Earlier this month, the yen sharply rose after falling to 160 yen per dollar due to suspected government intervention,
with data from the Bank of Japan indicating that nearly $60 billion was spent to defend the currency.
However, the yen has now retraced about two-thirds of those gains as the significant interest rate differential between Japan and other major economies has encouraged investors to borrow yen and invest in higher-yielding currencies.

 

 

 

 

 

British Pound

The British pound stabilizes at $1.25 after labor market data.

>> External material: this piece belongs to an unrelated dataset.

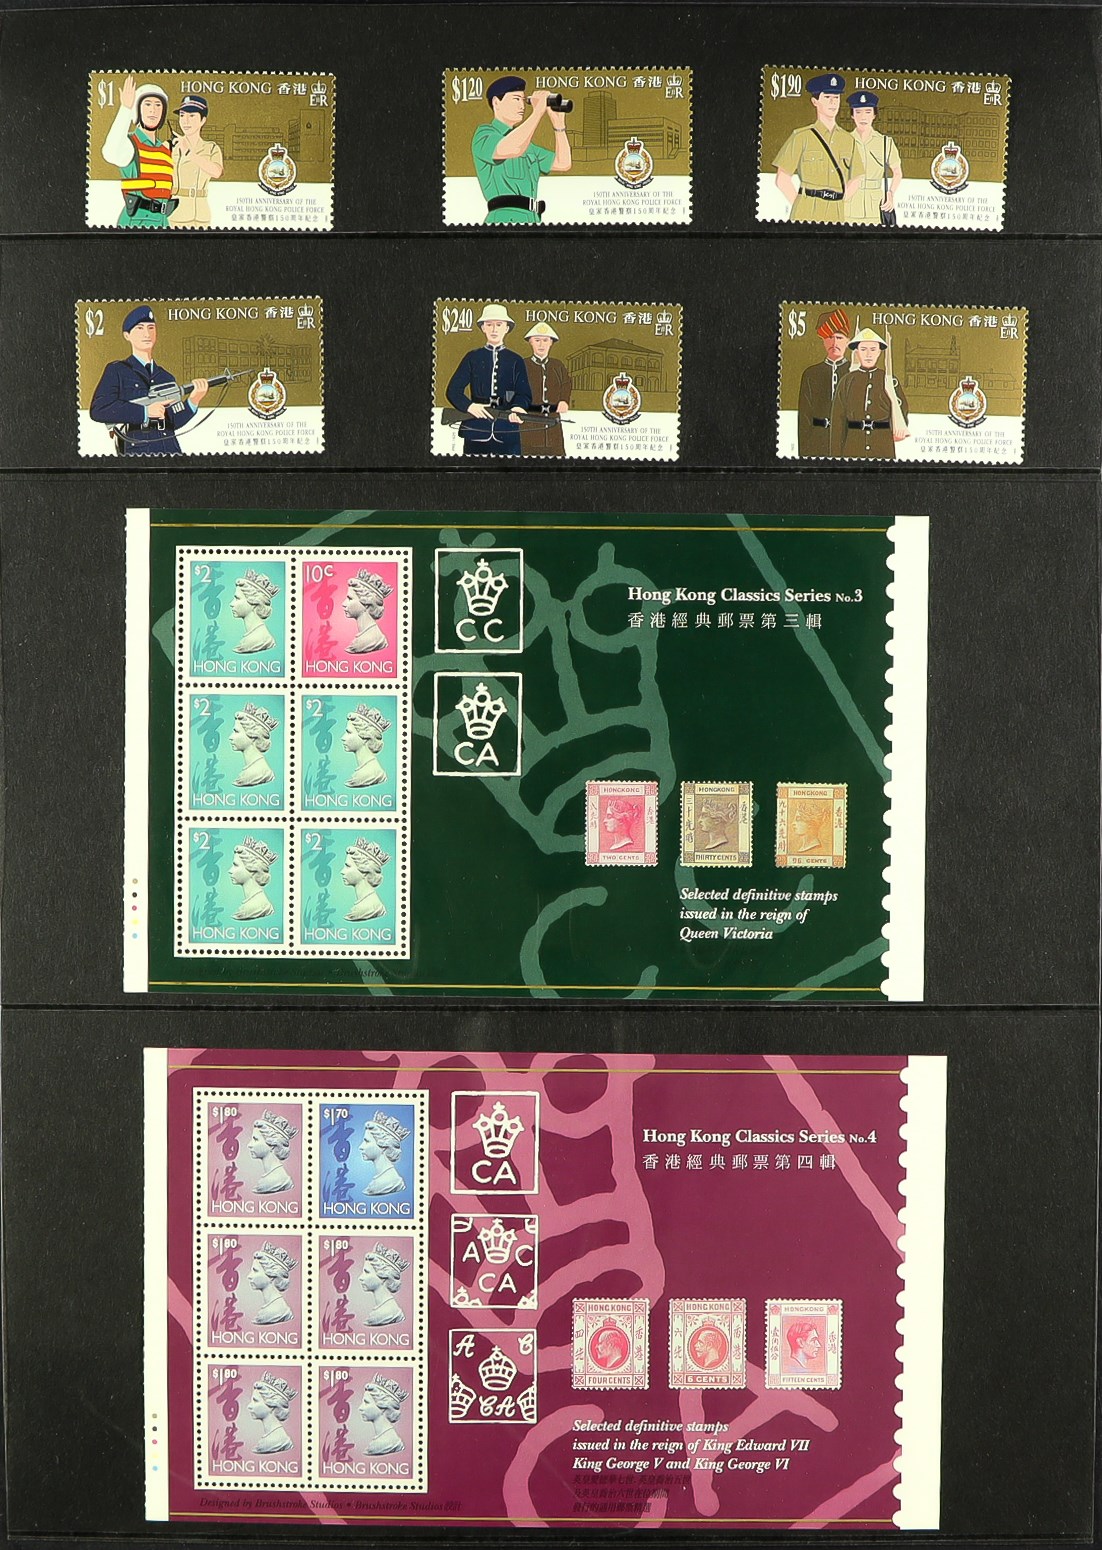 HONG KONG 1970's - 2010's NEVER HINGED MINT large holding of sets, miniature sheets & booklets on - Image 5 of 18

The British pound briefly dipped before stabilizing around $1.25 as traders digest recent labor market data and monetary policy expectations. The unemployment rate in the UK rose for the third month, and wage growth remained at 6%, in line with expectations from the Bank of England, bolstering bets that the central bank might soon begin to cut interest rates. At its meeting in May, the Bank of England maintained interest rates, although two members called for a rate cut, indicating a shift towards lowering borrowing costs. Governor Bailey hinted at possible interest rate reductions in the future, suggesting a more flexible monetary policy going forward. Traders have slightly raised the likelihood of a rate cut in June, while a 25 basis point cut in August is fully anticipated.

 

 

 

 

Oil

Oil retains its gains amid concerns about supply disruptions.

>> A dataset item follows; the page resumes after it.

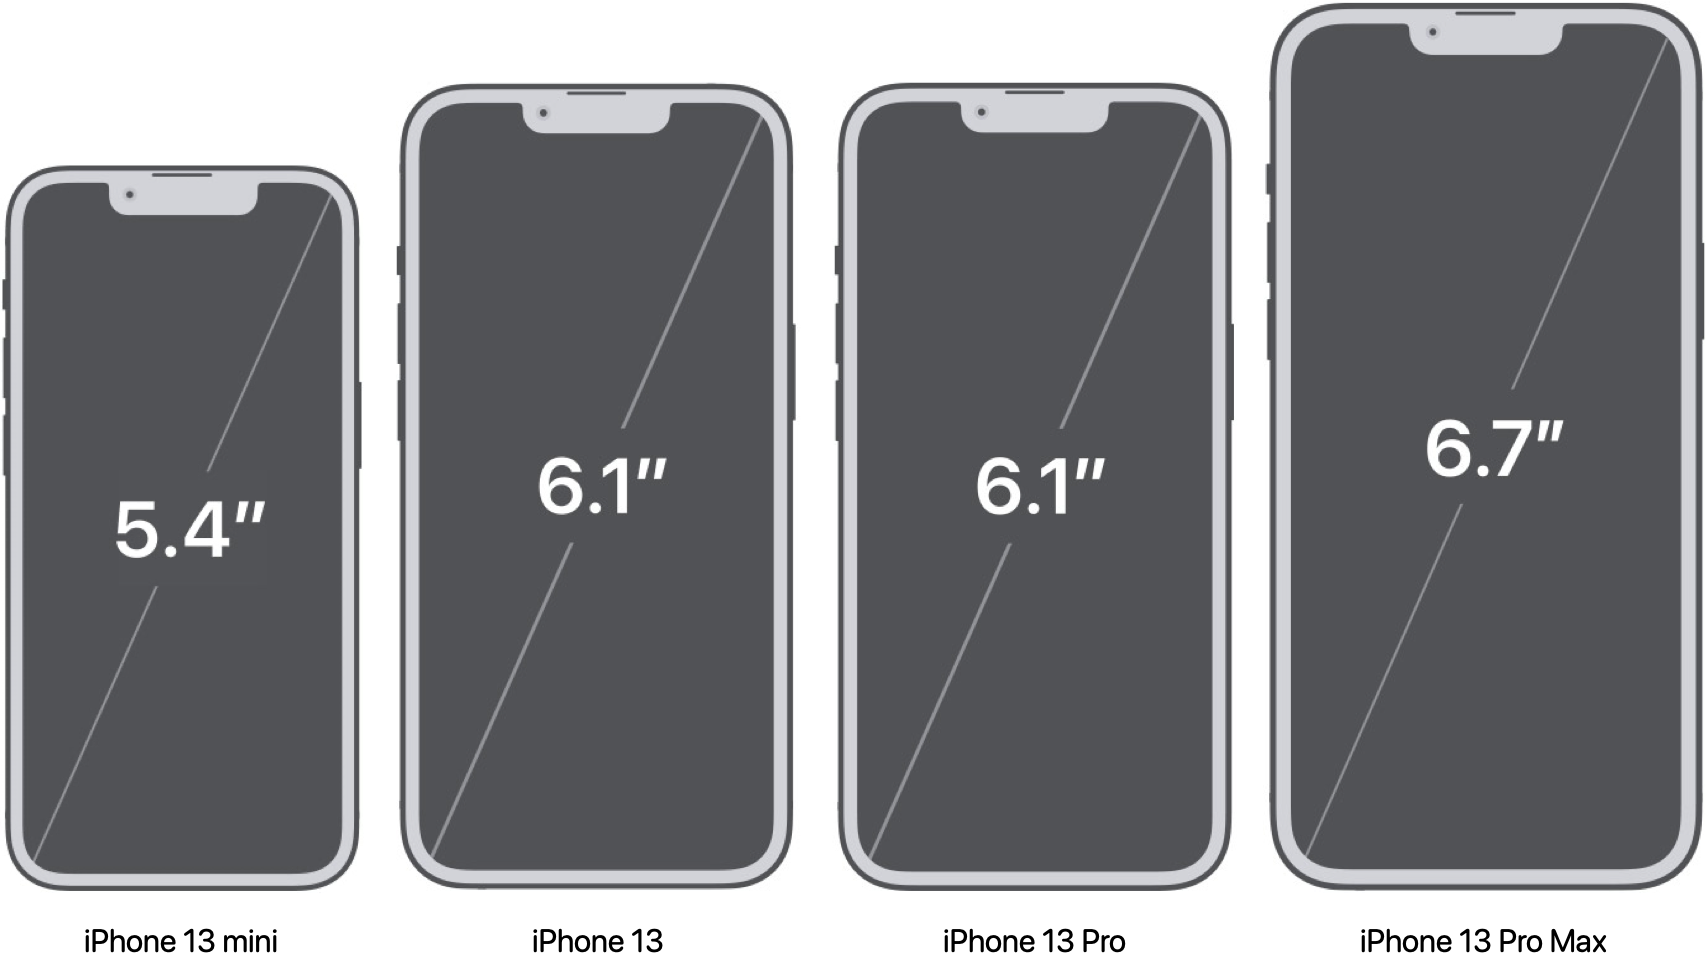 Downtown klar laver mad iPhone 13 Screen Sizes

West Texas Intermediate crude futures settled above $79 per barrel on Tuesday after rising more than 1% in the previous session, supported by concerns about potential supply disruptions in Canada. Markets were worried that the wildfire season in Canada could affect the country’s production capacity of 3.3 million barrels per day. Over the weekend, the Iraqi Oil Minister, Hayan Abdel Ghani, stated that they would adhere to OPEC+ policy regarding production cuts to be made at their upcoming meeting on June 1st, contradicting a previous statement that Iraq would not agree to any new production cuts. Investors are now looking forward to this week’s monthly market reports from OPEC+ and the International Energy Agency for new insights into supply and demand factors in the oil markets.